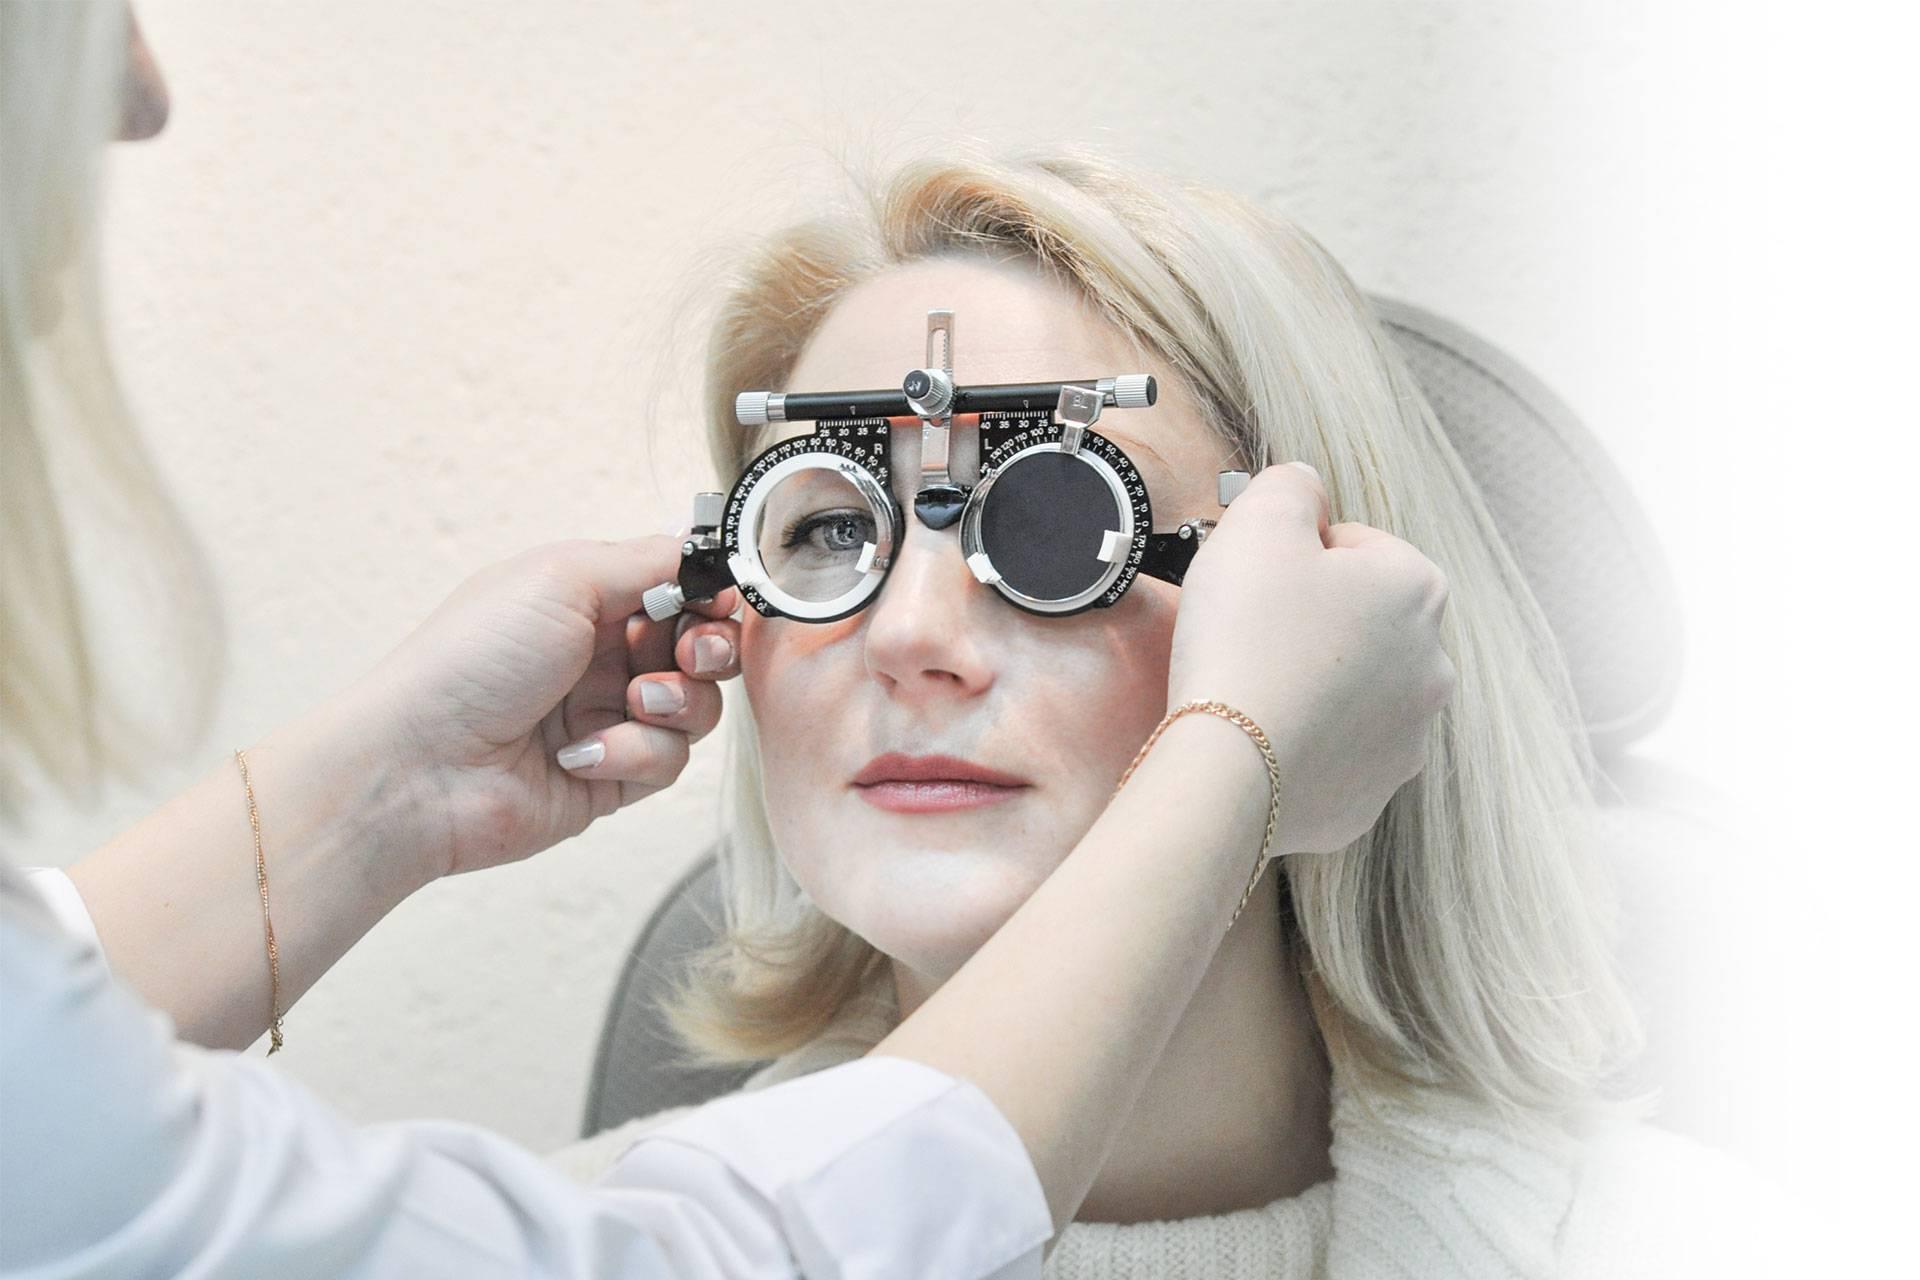 Очки подобрать для зрения – как правильно: линзы по рецепту или онлайн
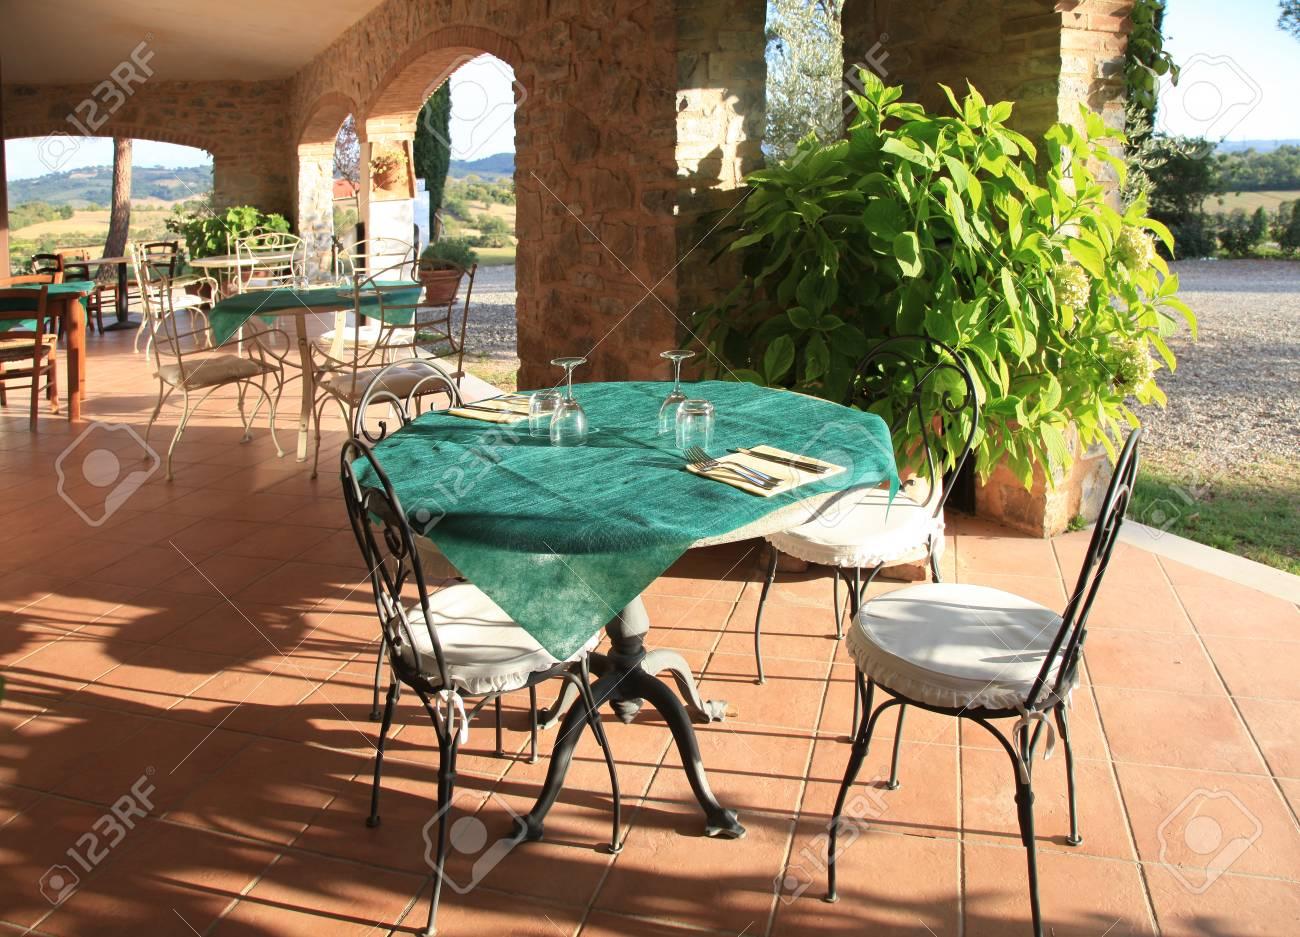 Bella Vista Con Tavoli E Sedie In Un Caffè All Aperto Terrazza Nel Villaggio Italiano Toscana Italia
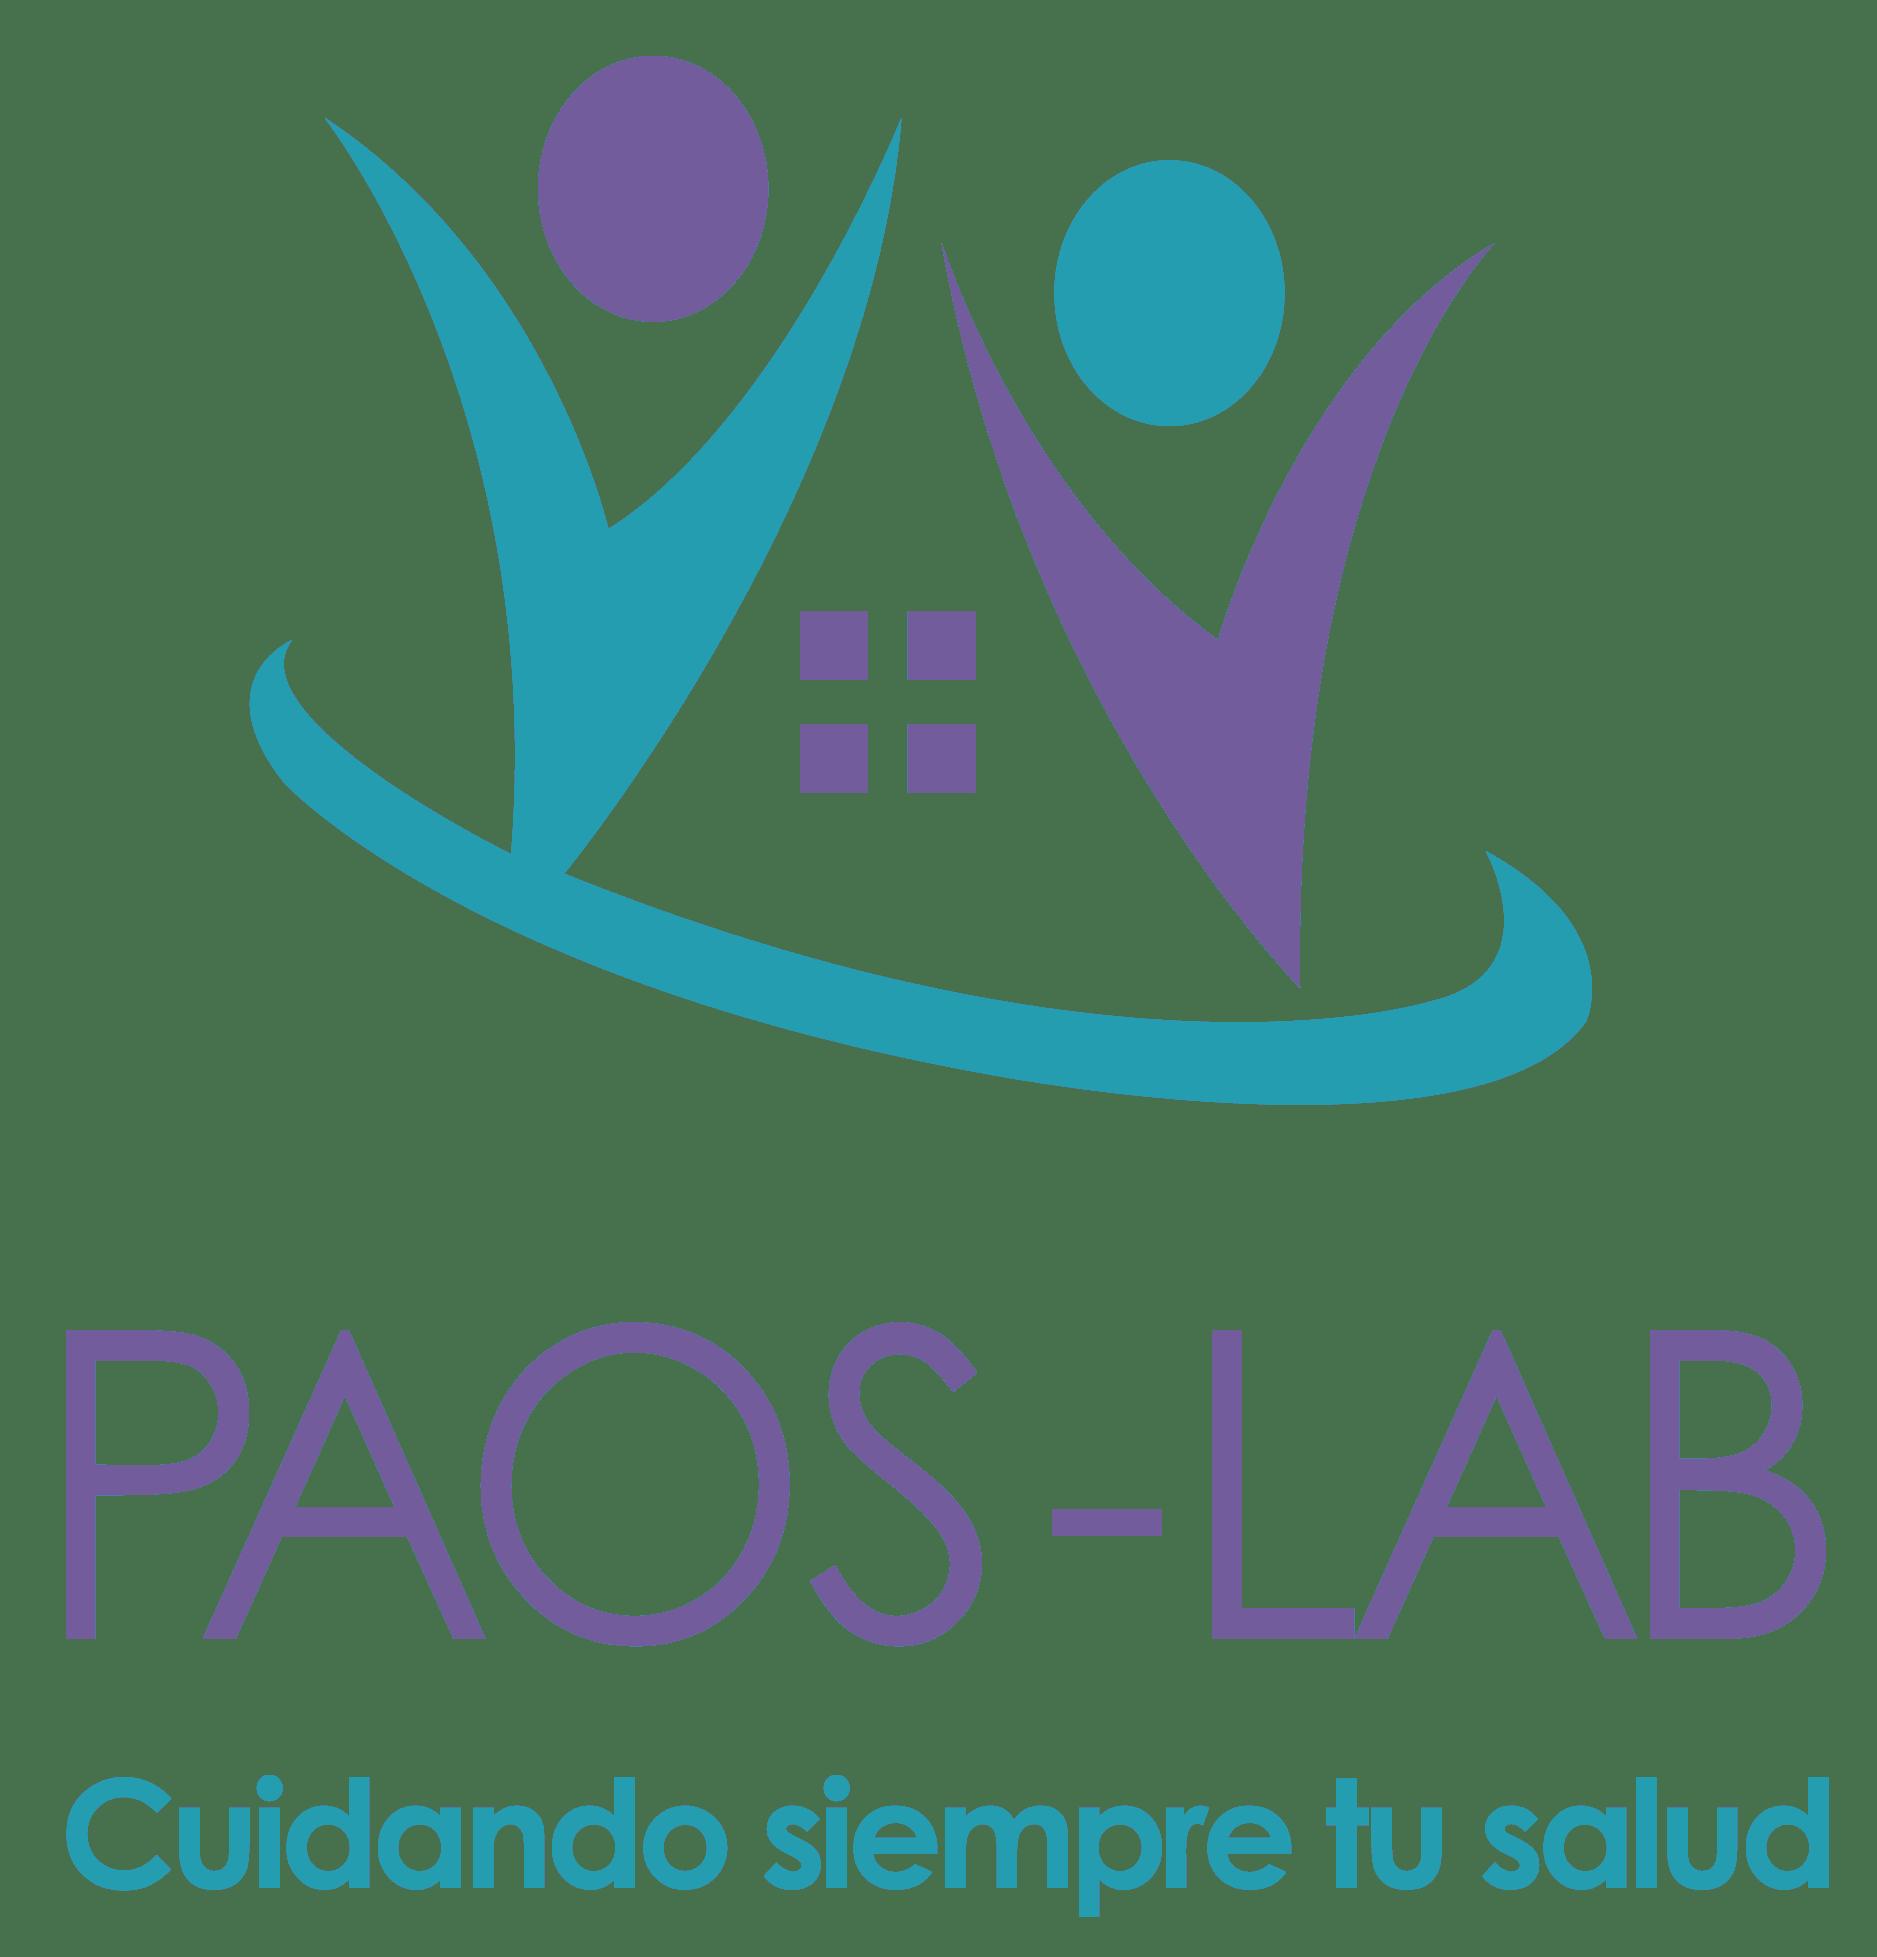 LABORATORIO DE ANÁLISIS CLÍNICOS PAOS LAB
——————
## Required action
Return exactly the lines that begin with the one containing "Bella Vista Con" and end with the final line of the data above; include no pictures.

## Completed task
 Bella Vista Con Tavoli E Sedie In Un Caffè All Aperto Terrazza Nel Villaggio Italiano Toscana Italia
 LABORATORIO DE ANÁLISIS CLÍNICOS PAOS LAB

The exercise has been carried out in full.